* [Data extract]
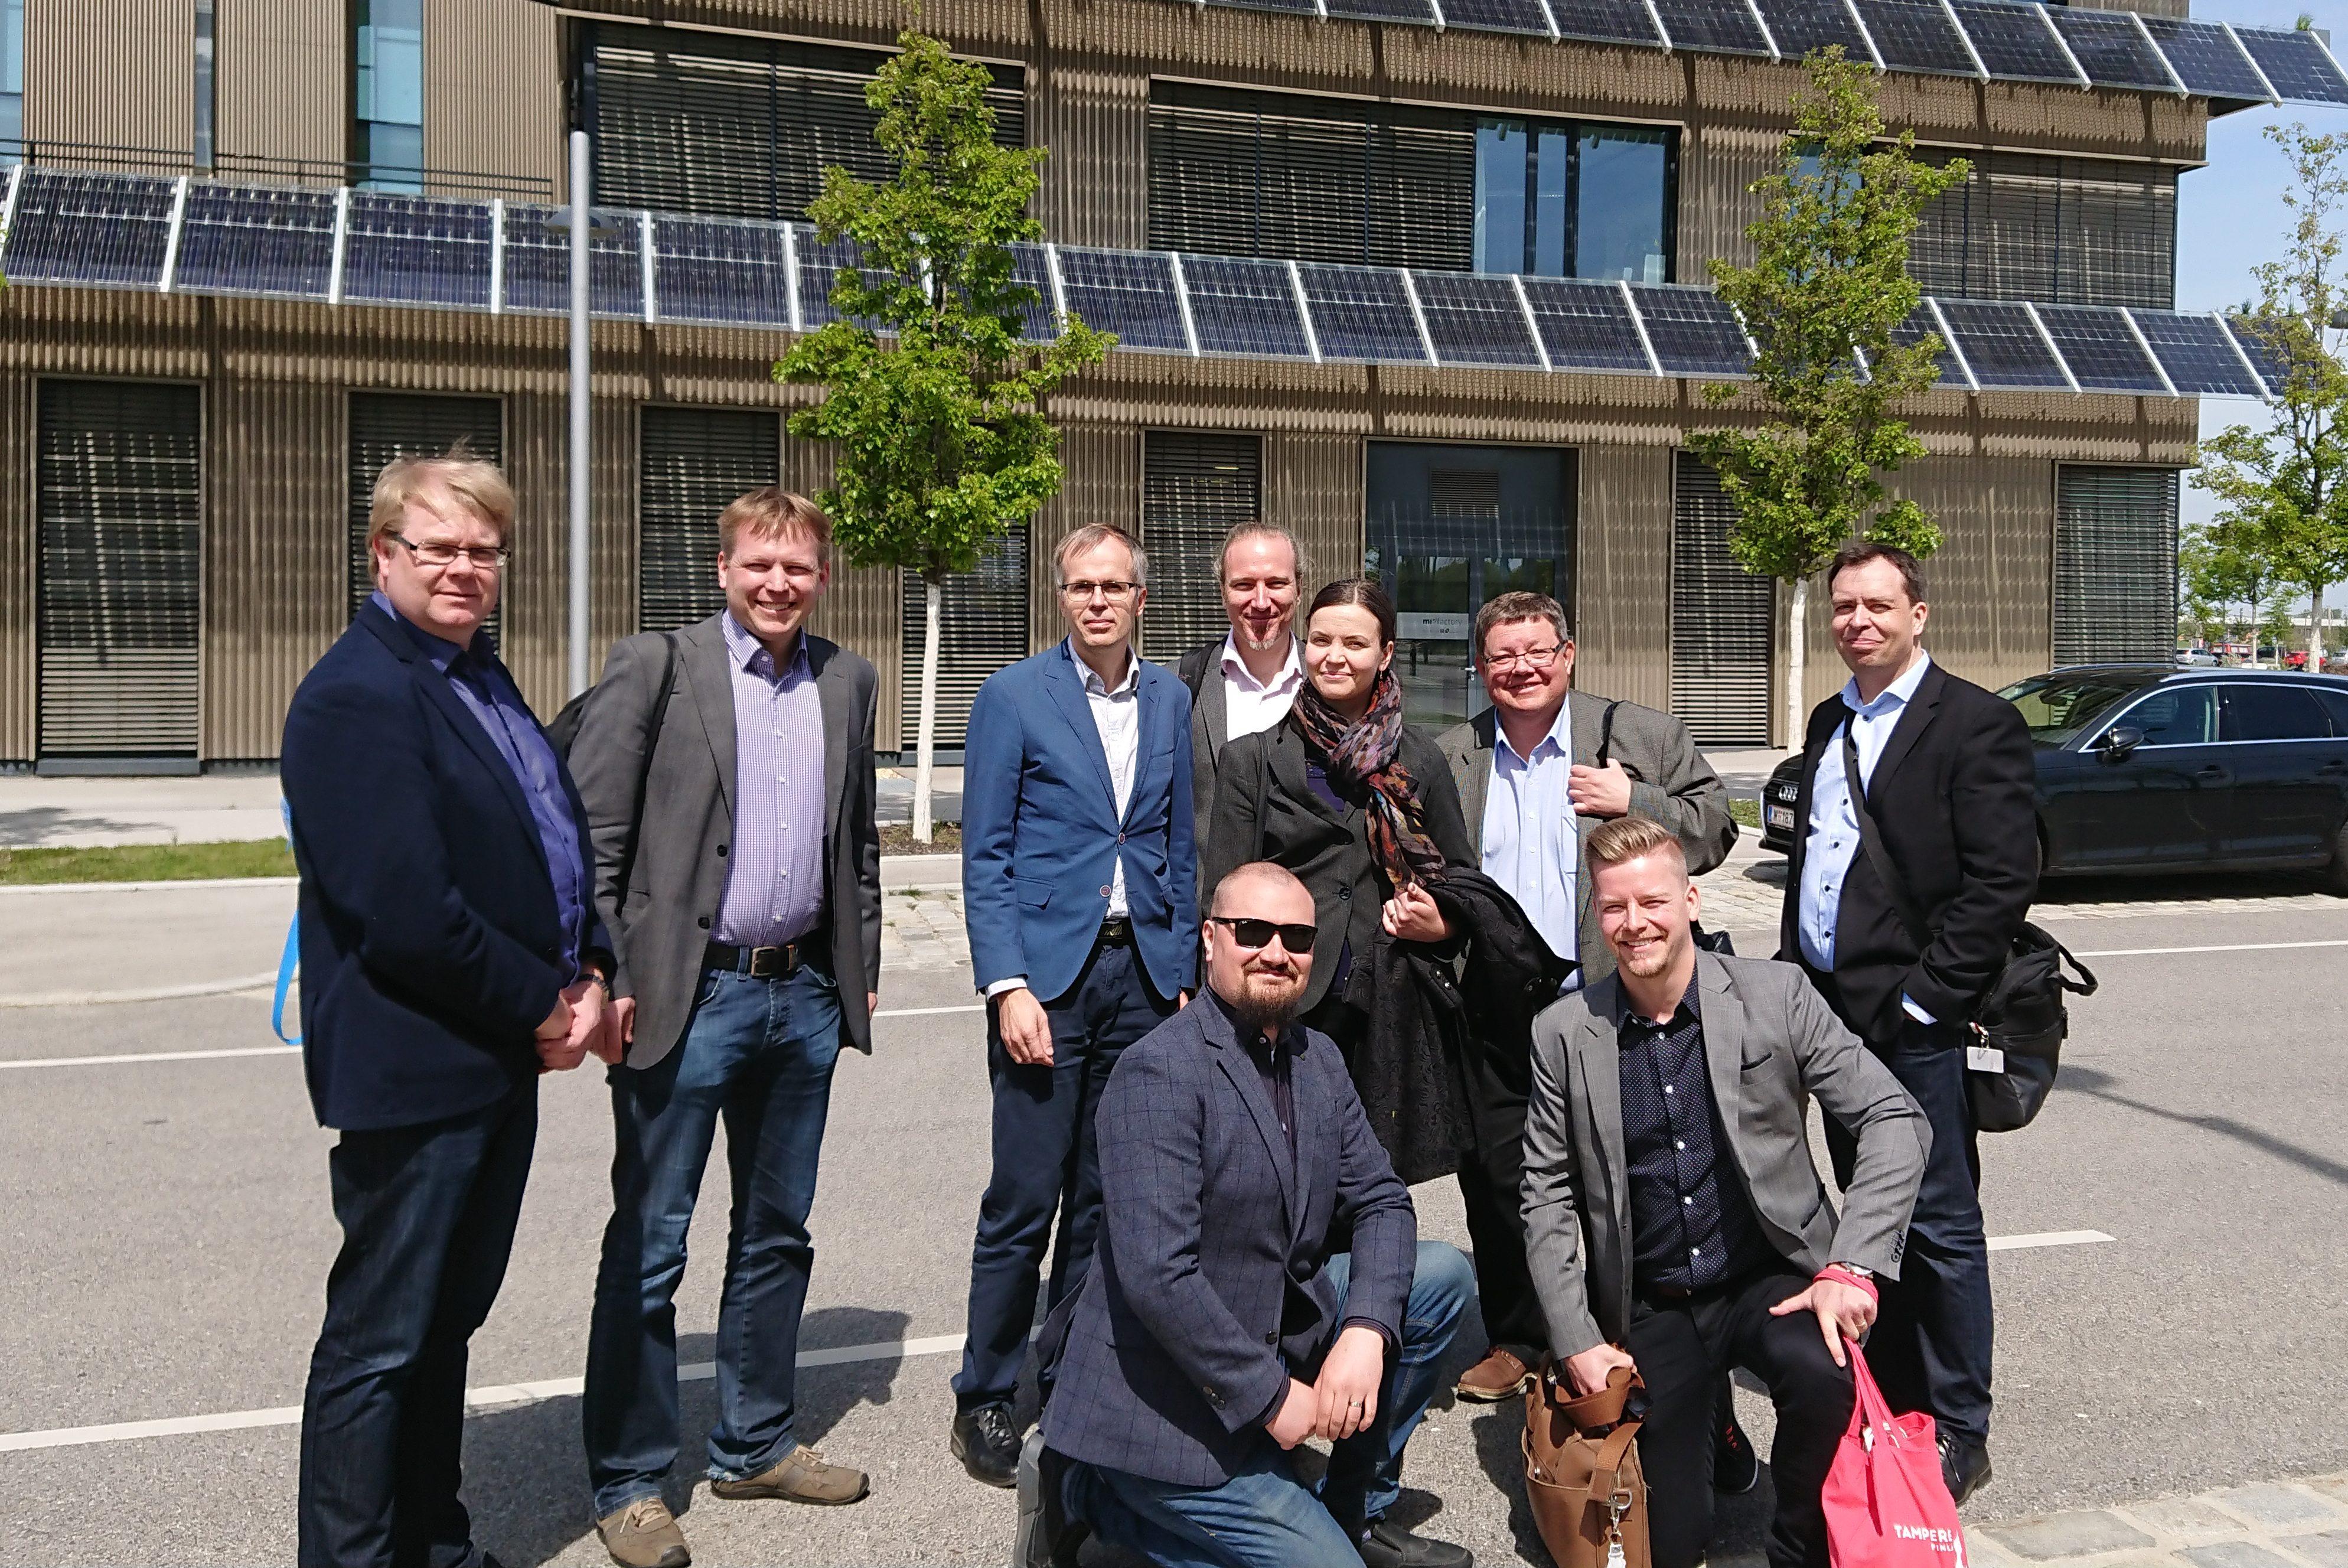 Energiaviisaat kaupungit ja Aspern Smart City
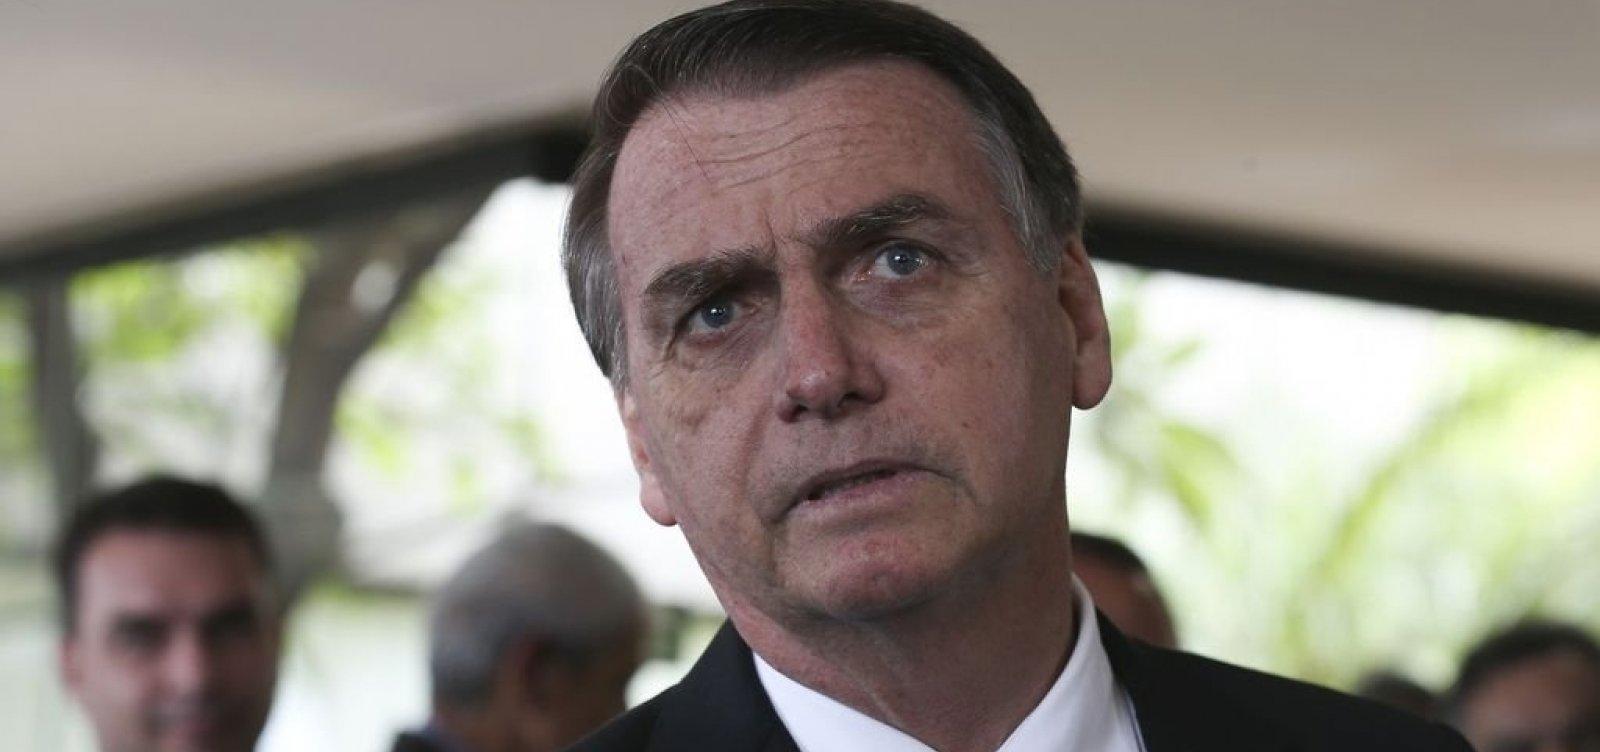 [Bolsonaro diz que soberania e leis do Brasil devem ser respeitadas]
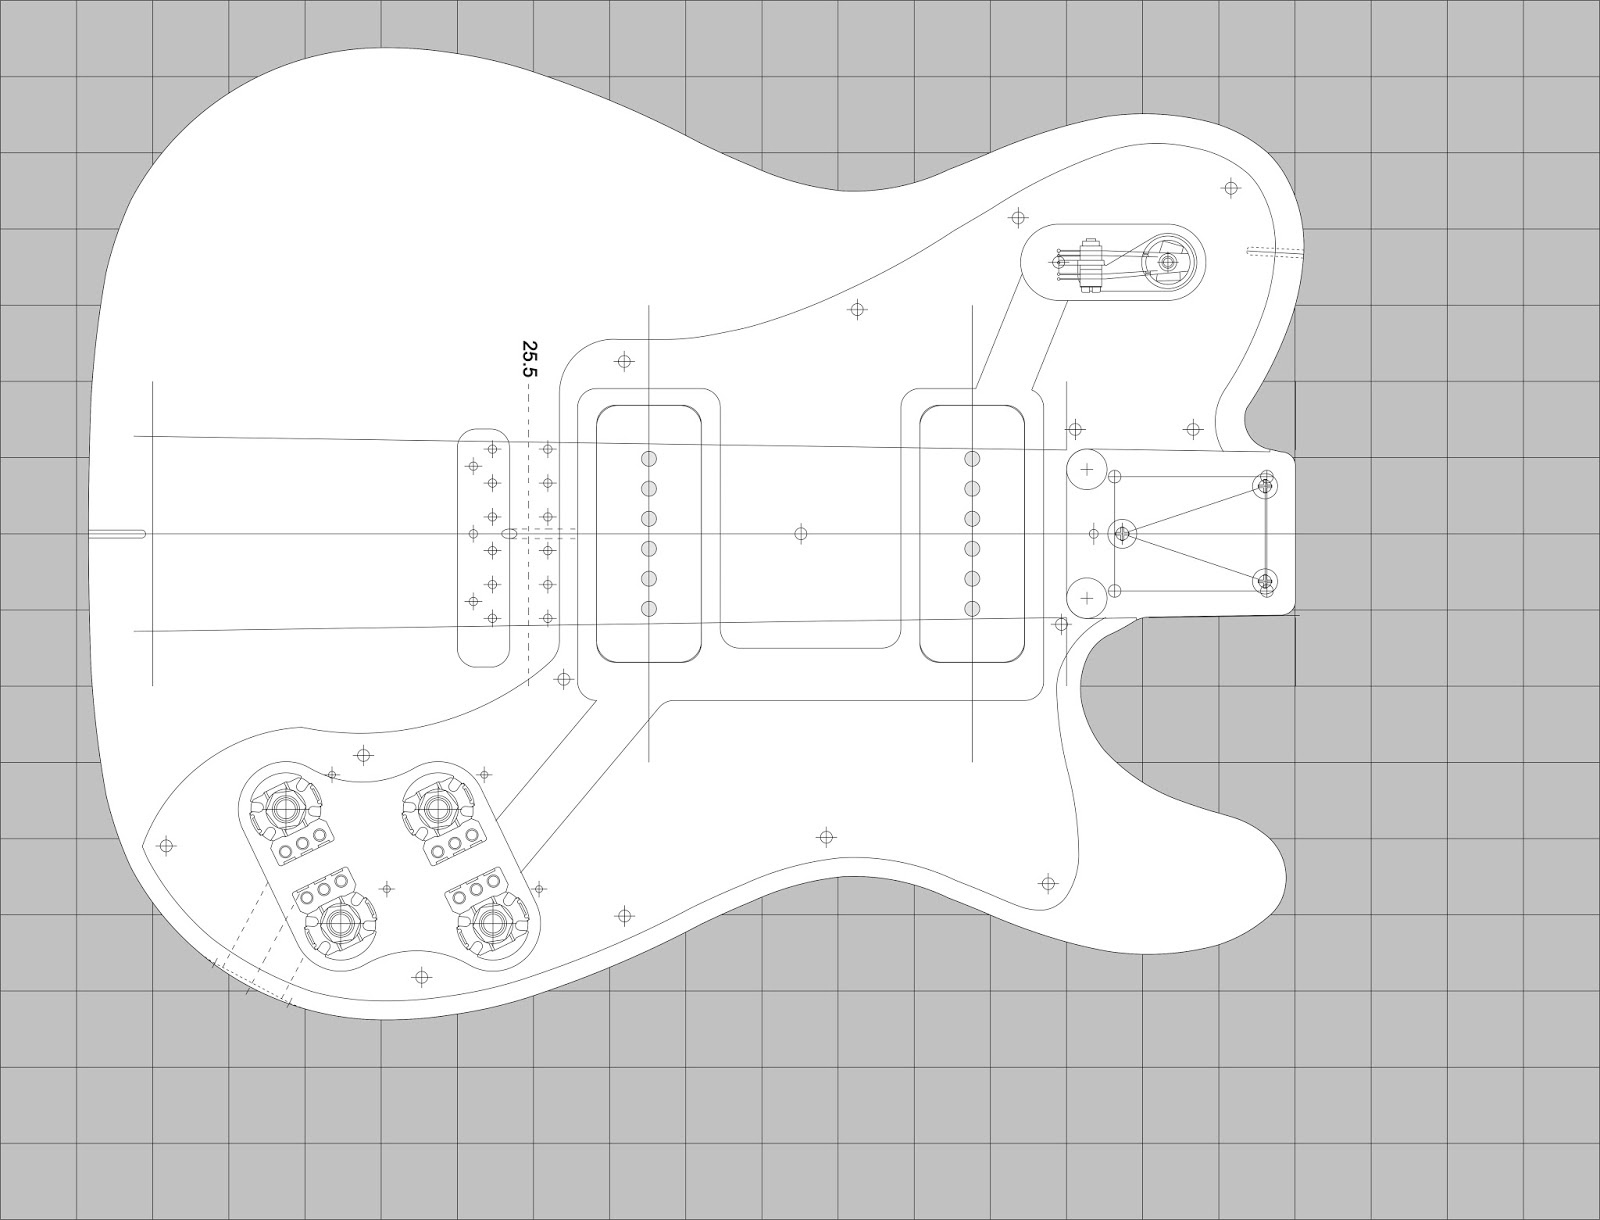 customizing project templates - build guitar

* [Exercise description] Every line above must appear in the answer unchanged, and no picture may appear in it.

* [Answer box]
 Energiaviisaat kaupungit ja Aspern Smart City
 [Bolsonaro diz que soberania e leis do Brasil devem ser respeitadas]
 customizing project templates - build guitar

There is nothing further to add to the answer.